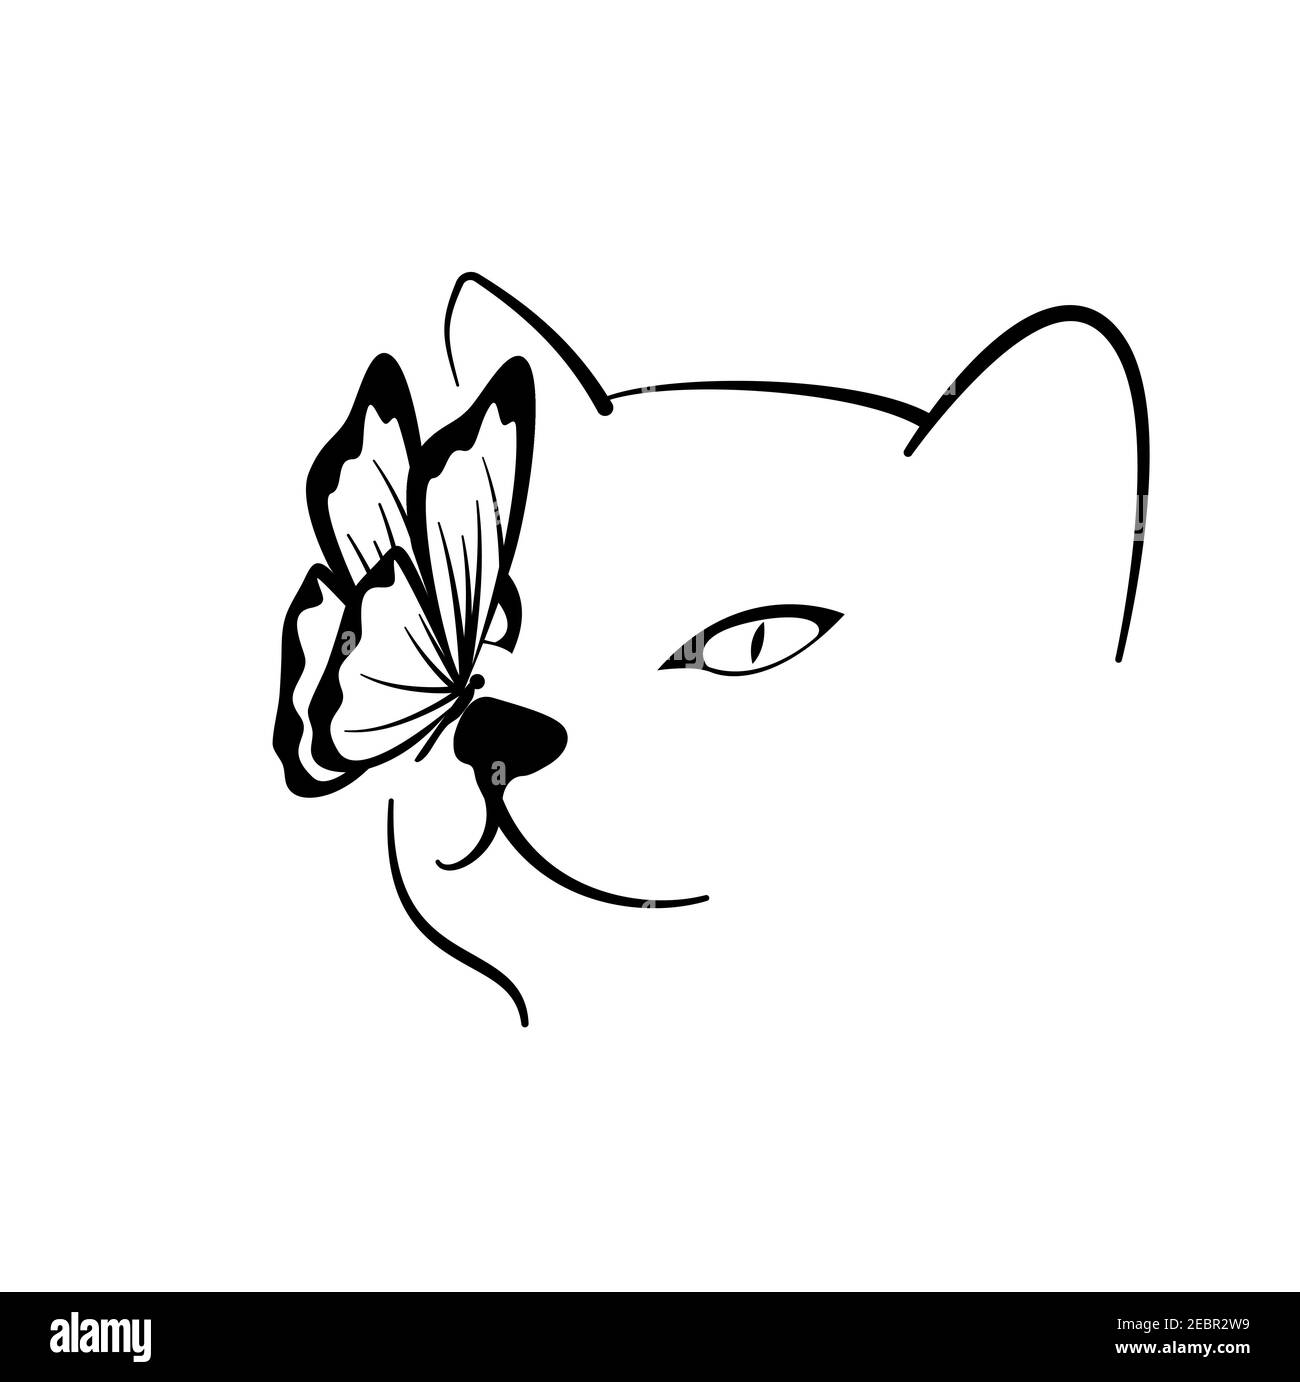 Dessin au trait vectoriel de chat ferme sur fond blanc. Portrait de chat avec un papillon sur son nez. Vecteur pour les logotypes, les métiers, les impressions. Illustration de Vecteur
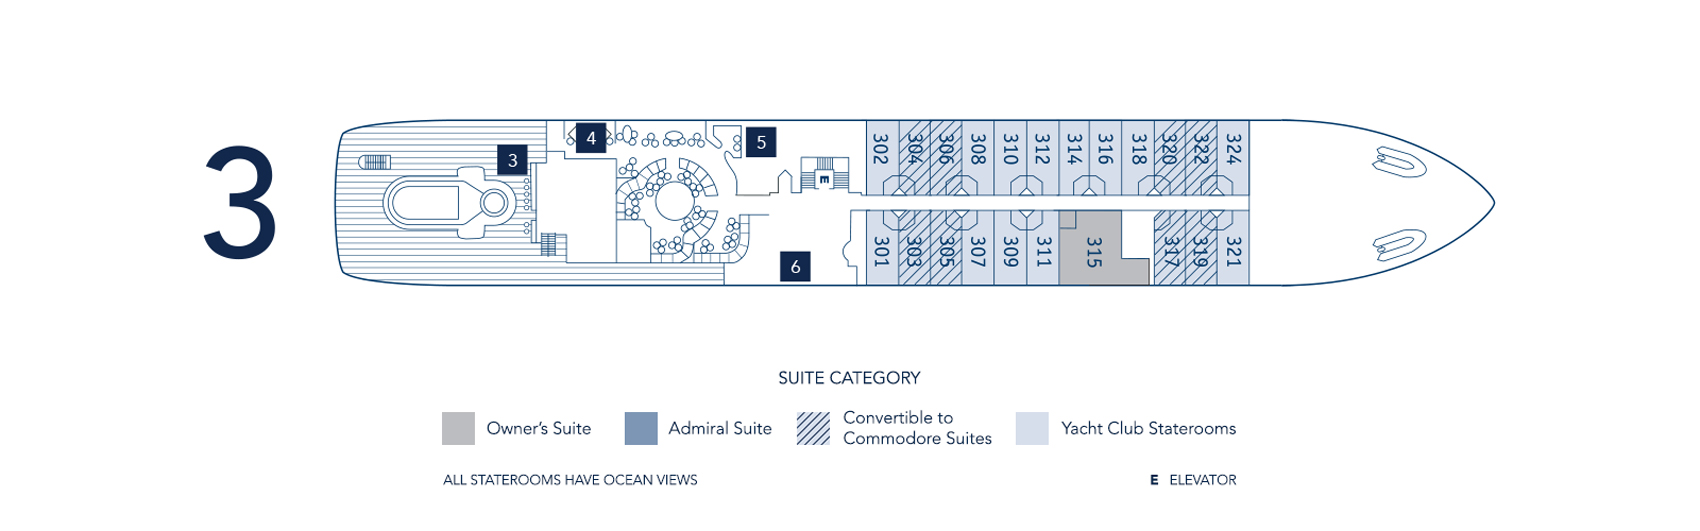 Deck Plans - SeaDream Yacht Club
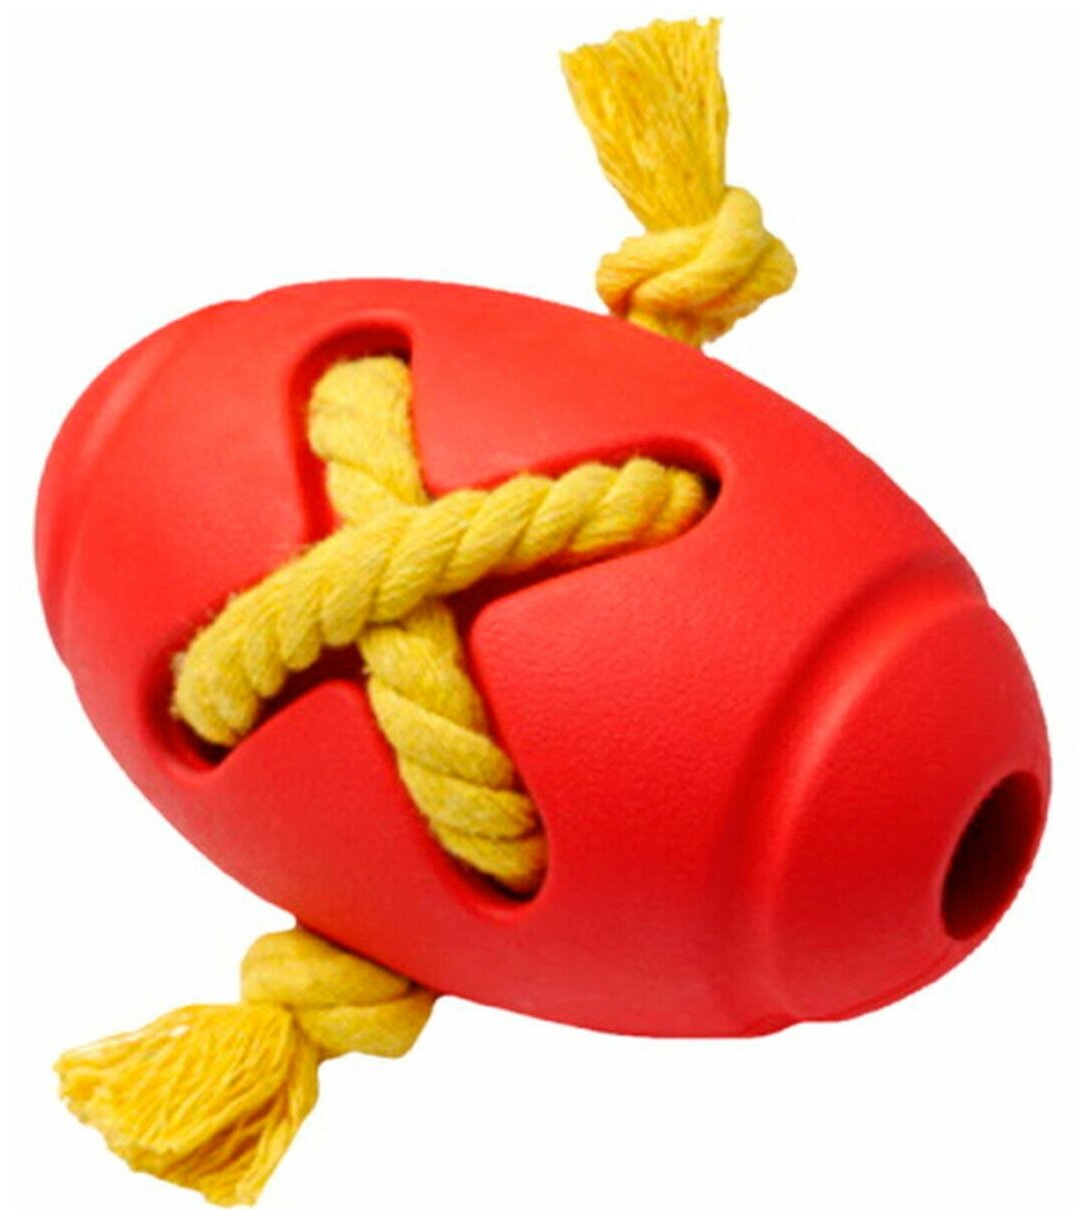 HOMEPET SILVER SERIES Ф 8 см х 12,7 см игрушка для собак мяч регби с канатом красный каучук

***

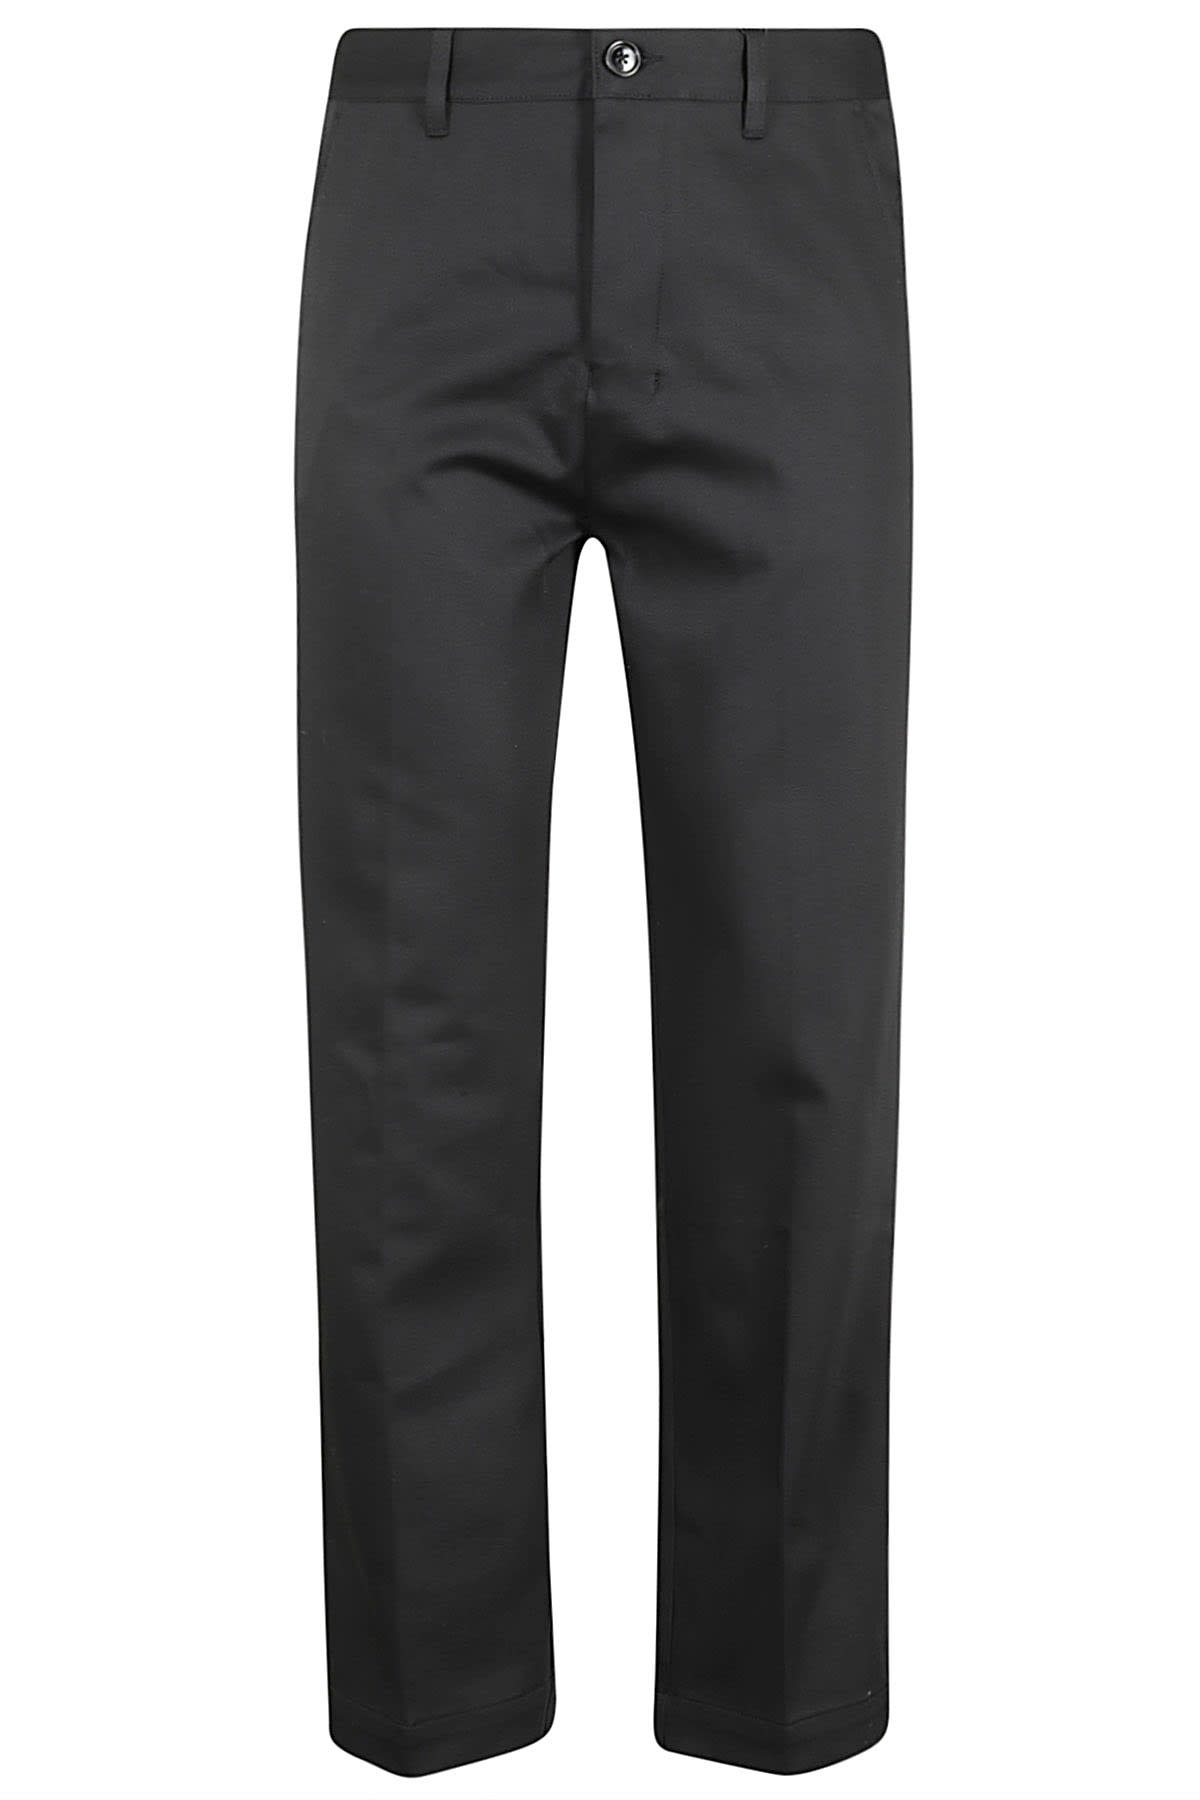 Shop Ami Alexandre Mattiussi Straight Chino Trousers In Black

***

The answer must be the lines above from the one containing "Deck Plans - SeaDream Yacht Club" through the one containing "HOMEPET SILVER SERIES", reproduced exactly, with no pictures and nothing else.

● RESULT FOR THIS TASK:
 Deck Plans - SeaDream Yacht Club
 HOMEPET SILVER SERIES Ф 8 см х 12,7 см игрушка для собак мяч регби с канатом красный каучук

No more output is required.